As women delay having children to pursue other rewarding avenues, both professionally and personally, there is no medical establishment that is managing “long-term fertility.” There are apps and doctors and IVF clinics to help women who want to get pregnant now, but if you delay having children, you are dramatically increasing the time for diseases like endometriosis to cause damage to your reproductive tract. One of Jane’s goals is to provide tools and information to women that can help them manage this larger time between menarche and post-menopause.

An increase in high deductible health plans with high out of pocket costs disincentivize consumers from going to the doctor. Women will increasingly want to use funds in HSAs / FSAs to seek preventative care that is convenient and clarifying.

VN: What is your ultimate goal with Jane? Where do you want to see the company in the next 5 years?
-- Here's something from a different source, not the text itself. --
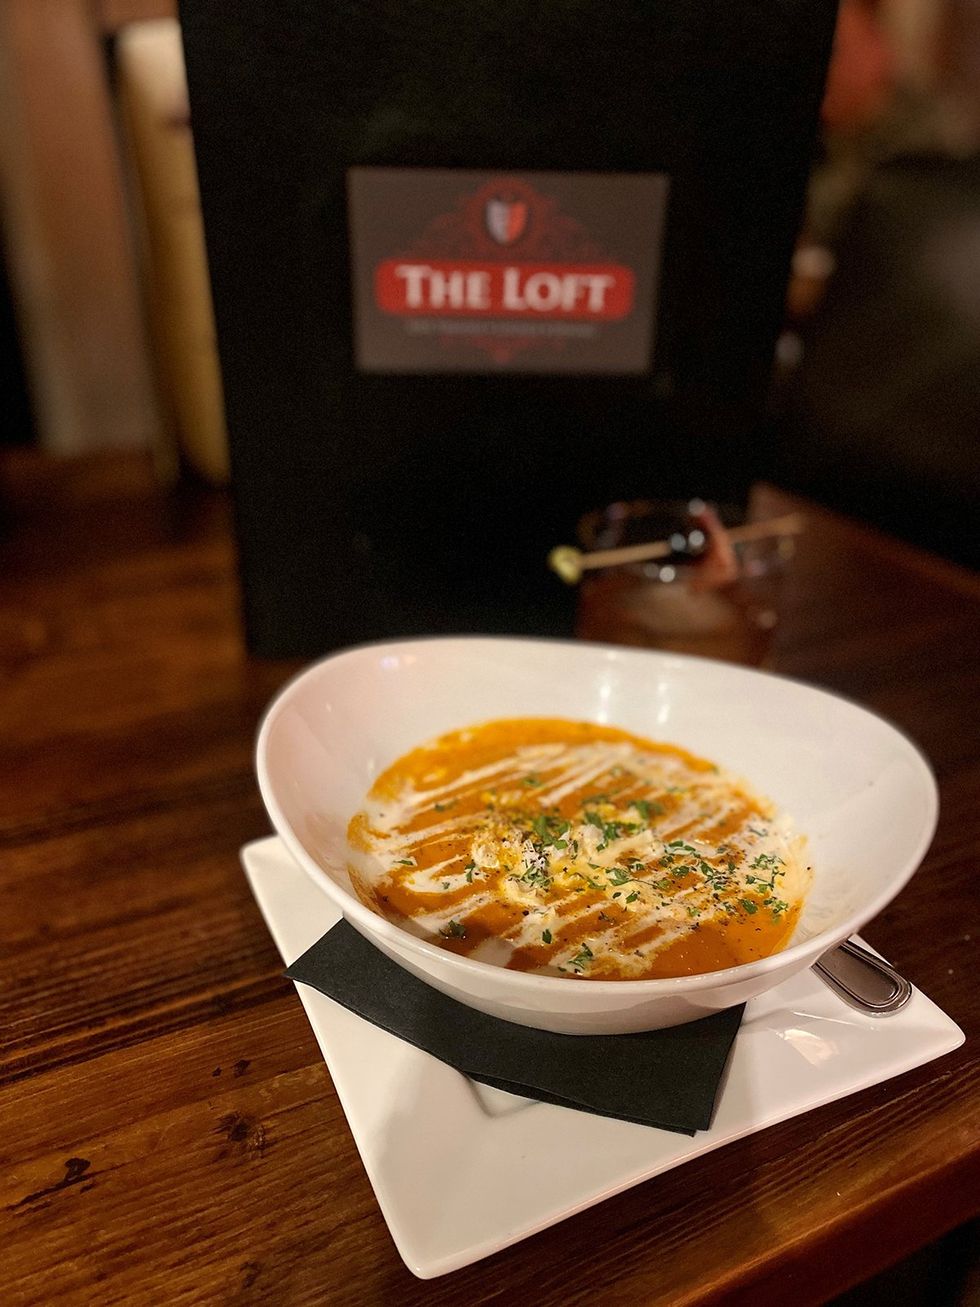 The roasted tomato bisque with lump crabmeat at The Loft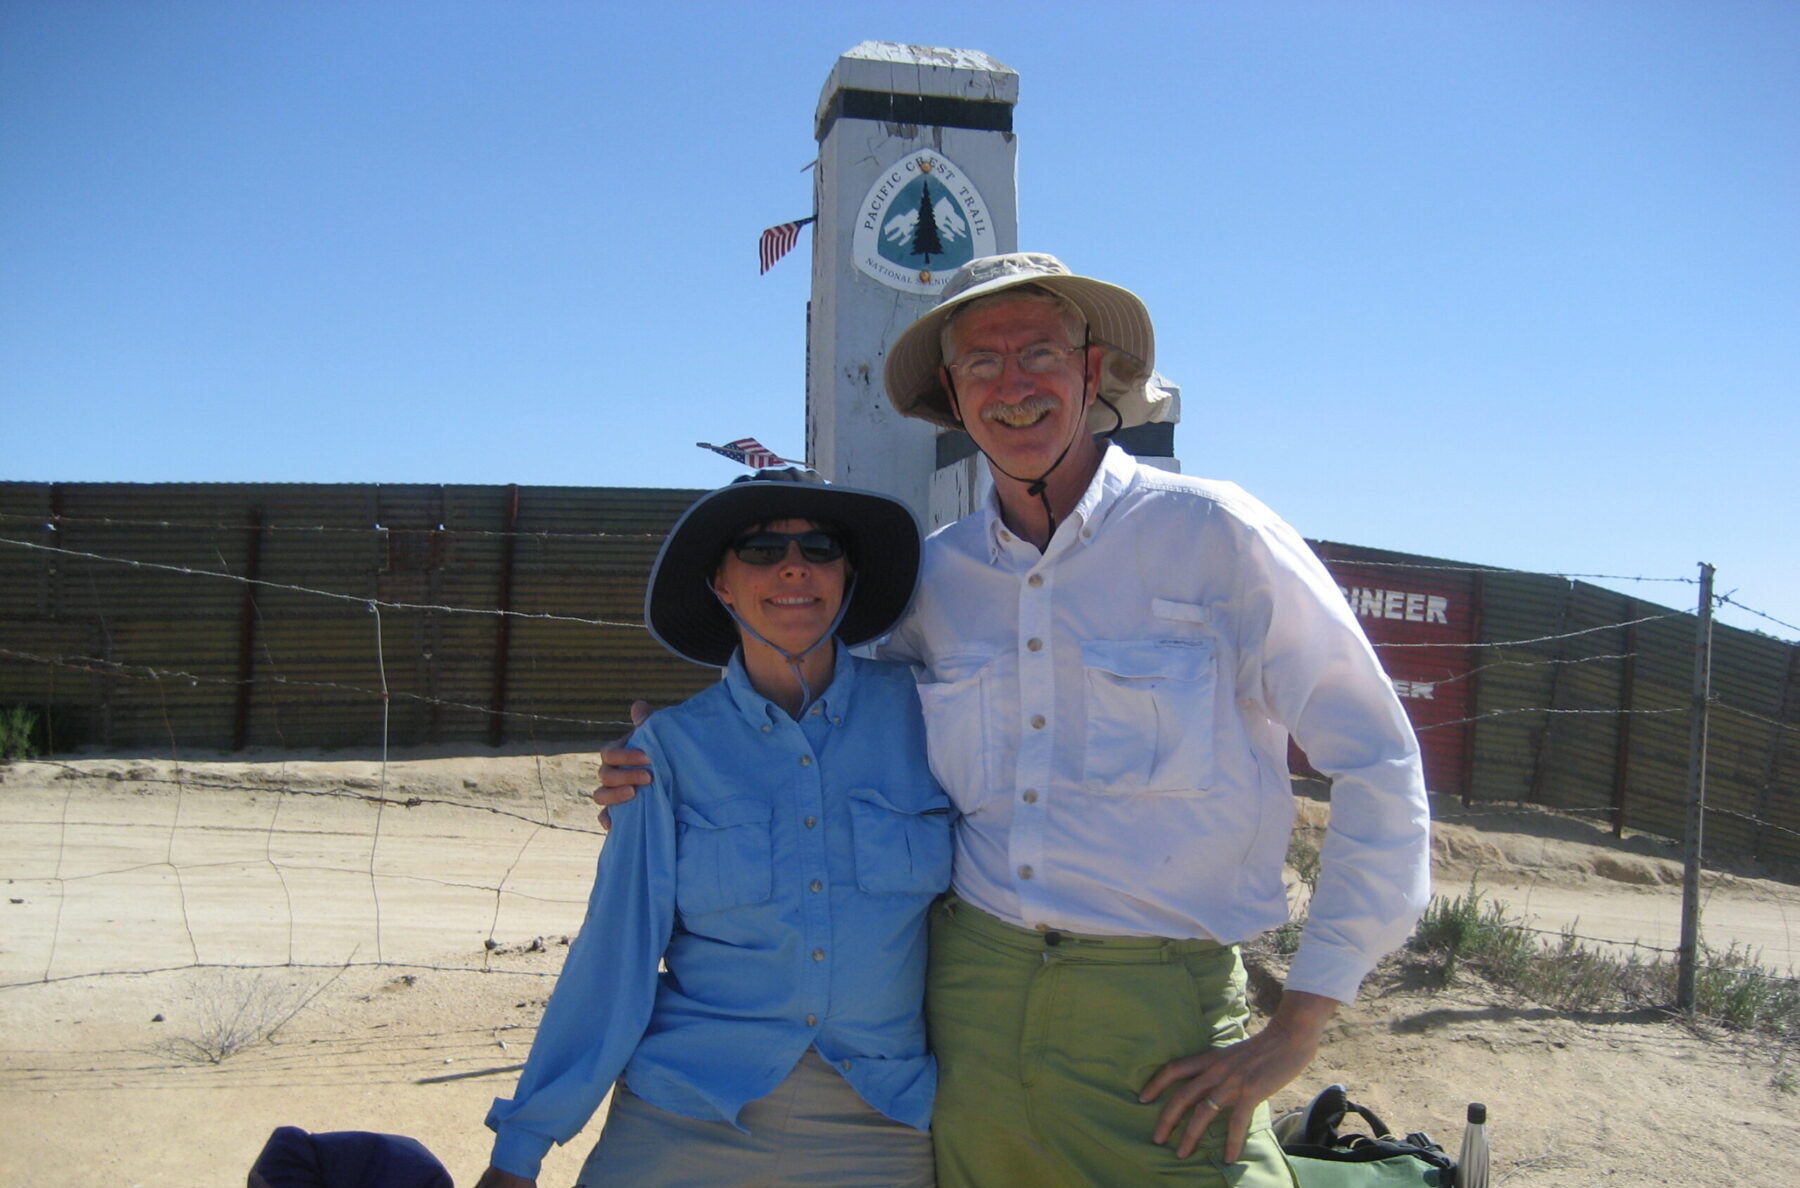 Barney and his wife Sandy at the Southern Terminus of the PCT

RT: Our ultimate goal is to build a pipeline of tests anchored on our tampon based collection system that provides insight on various reproductive conditions. Our hope is that this system will find utility in many different points in a woman’s life from menarche to post-menopause. Questions such as “is my period pain normal”, or “why am I having off cycle bleeding”, or “why I am having trouble getting pregnant” or “why are my periods so heavy?” will be answerable by an elegant tampon based solution rather than surgery, MRI, ultrasound and cervical scraping.